I have been afraid most days of my life, which is what anxiety is, and the months of this pregnancy have so far been the most anxious of my life. I cannot see a day when I hold this baby in my arms, even though I can feel him now, and sometimes I smile when he kicks me and I place my hand where his foot just was, and then I can see something of the future — a woman who looks like me; a quiet baby; a rocking chair; a prayer.

Zack and I were watching an episode of Planet Earth recently that showed a bird returning to her nest. The egg she had laid was punctured, oozing yellow yolk down onto the tree below. Her child would not survive. “She knew something was wrong,” the narrator said, “but the desire to incubate was strong.” So she settled in over the broken egg, yolk collecting on her tail, because something inside her body told her she had to, even as something inside her mind told her this wasn’t right. Her baby would never be born, never fly, never coalesce into a thing with feathers. Still, she remained.

People keep saying the same thing to me: It is so worth it. What are they really saying, I wonder? What is “it,” and what is it worth? If it is a baby and it is worth every day of this angst and fear and vomit and self-doubt, then it must be worth a lot, indeed. And I have to believe that, in some part of me, or else I wouldn’t be doing this. Why do we have children? In Spanish, the phrase “to be worth it” is “vale la pena,” or “worth the trouble/pain.” That clarifies things a bit, although I still cannot speak to anything being worth anything, because there is no baby yet; there is only my fear and his occasional kicks. The verb “esperar” in Spanish is another one I think about a lot, because it means both “to wait” and “to hope.” I hate them both, and yet without them, I have nothing.

“I said to my soul, be still, and wait without hope, for hope would be hope for the wrong thing,” T. S. Eliot wrote in “East Coker.” Eliot never gave birth.

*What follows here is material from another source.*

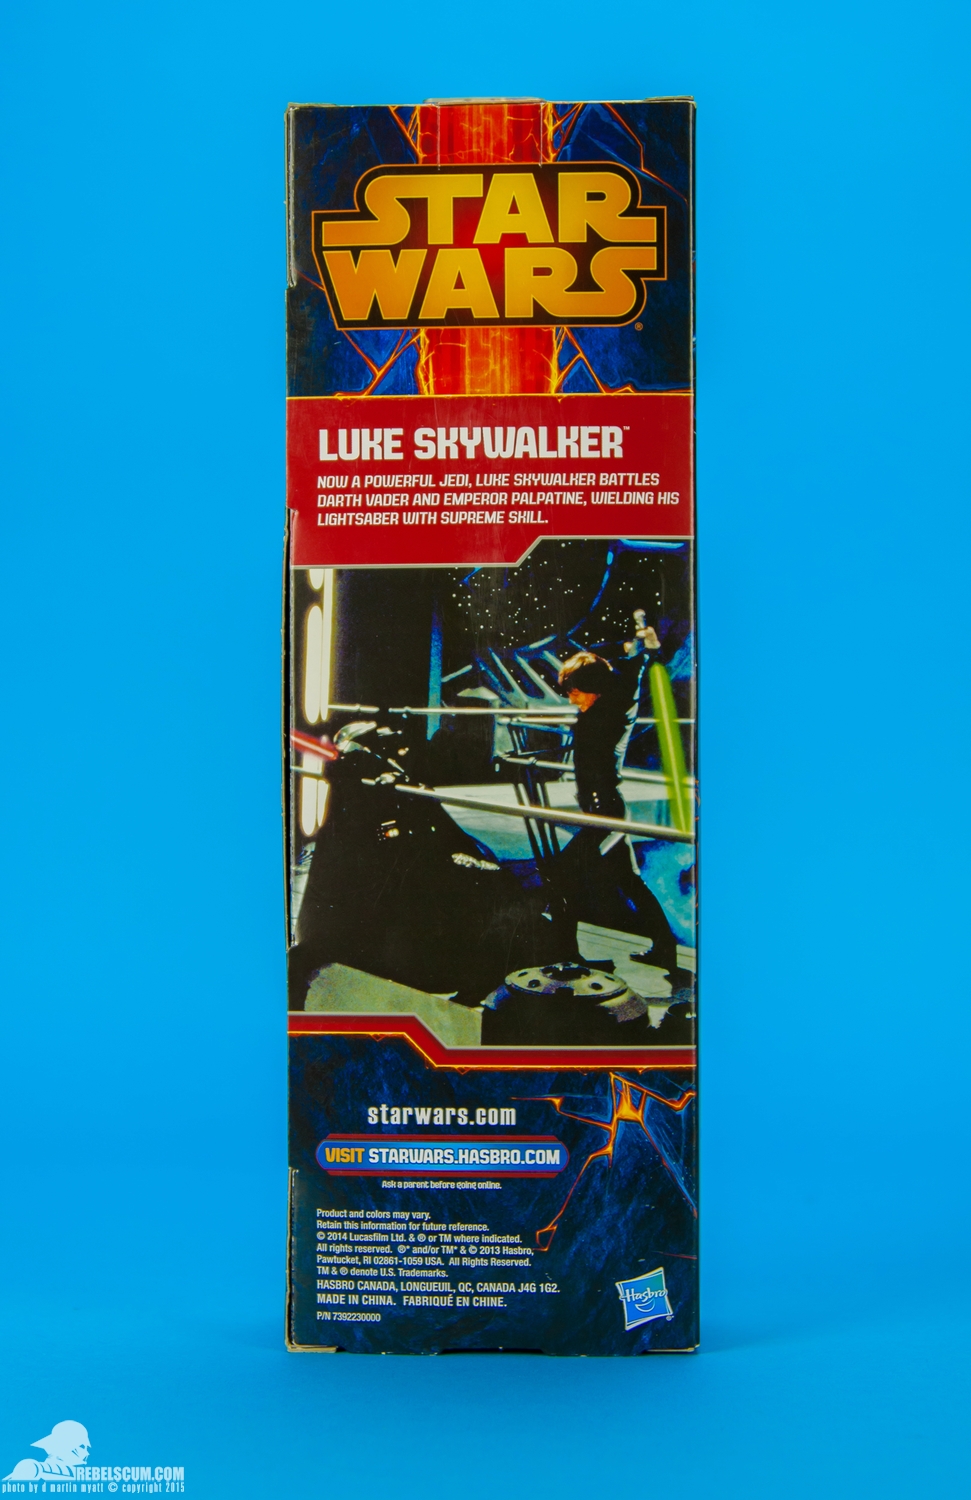 Luke-Skywalker-2014-Star-Wars-12-Inch-Figure-010.jpg

He doesn’t know.

When Zack and I returned to Mendocino that weekend in September, we spent Saturday morning walking around town after a hike. We bought books and ate pastries in the sun and eventually found ourselves back at the sock shop. He went in, found some more Star Wars socks, and came out with a little brown bag. I couldn’t bring myself to go inside, but I looked in the window. I was six weeks pregnant then. Today, I am thirty-six weeks pregnant. Our baby boy is due June 3.